Note: This table shows the list of factors for adolescent pregnancy that are presented from 67 included studies. Several factors have a comparison that is in the parenthesis. For example, no religion (vs. Catholics) as a risk factor means that adolescents who have no religion are more likely to get pregnant than those who are Catholics.
3.2.1. Self-status
Self-status refers to a person's profile that directly tells his/her current situation such as current age, education, religion, income, and employment status. Many scholars have found a co-relationship between the teenager's age and pregnancy. By using multivariate statistical analyses, they have argued that age is positively associated with adolescent pregnancy (e.g., Alemayehu, Haider, & Habte, 2010; Calvert et al., 2013). Cross-sectional survey in Ghana and South Africa have shown similar findings that pregnant girls are older than non-pregnant girls (Agyei, Biritwum, Ashitey, & Hill, 2000). However, when it comes to unwanted or unintended pregnancy, younger adolescents have shown a higher likelihood of being pregnant than older adolescents or adults (e.g., Amoran, 2012).
Education is the most commonly associated factor in many studies. They have shown that a higher level of educational attainment or more schooling is a protective factor against pregnancy (e.g., Gupta & Mahy, 2003; Sahoo, 2011).
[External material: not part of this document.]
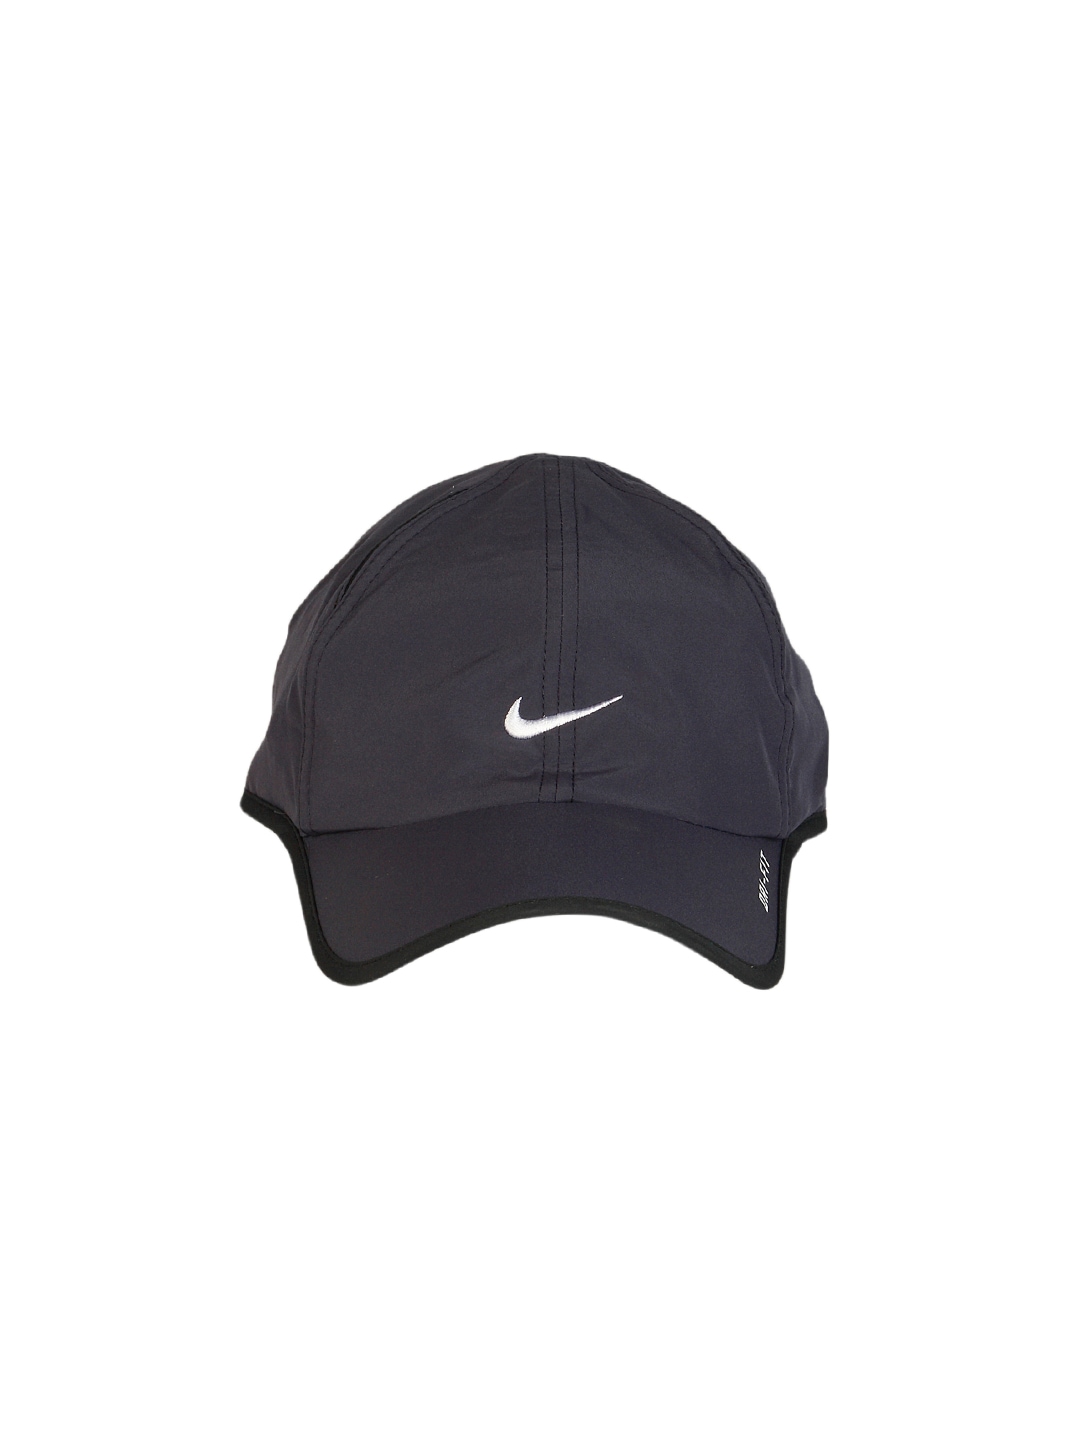 Nike Unisex Dry Fit Navy Blue Cap

Adolescents who have no formal education or lower level of education, or who are not enrolled in school have a higher likelihood of being pregnant (Gomes, Speizer, Gomes, Oliveira, & Moura, 2008; Omar et al., 2010). Long-term school absences, temporary dropout of school, and school failure are also risk factors for pregnancy (e.g., Almeida, Aquino, & Barros, 2006; Gigante, Victora, Gonçalves, Lima, & Barros, 2004). Being a student has been found to be a protective factor against pregnancy in several studies (e.g., Beguy, Mumah, & Gottschalk, 2014). However, another study has found that being a student makes them vulnerable to pregnancy compared to adolescents with a decent job (Amoran, 2012). It has also been reported that adolescents who attend public schools are more likely to be pregnant than those who attend private schools (Moron-Duarte, Latorre, & Rafael Tovar, 2014). The possible reason for this result would be more disadvantaged students at a public school than private school due to the higher cost of private school tuition than that of public school.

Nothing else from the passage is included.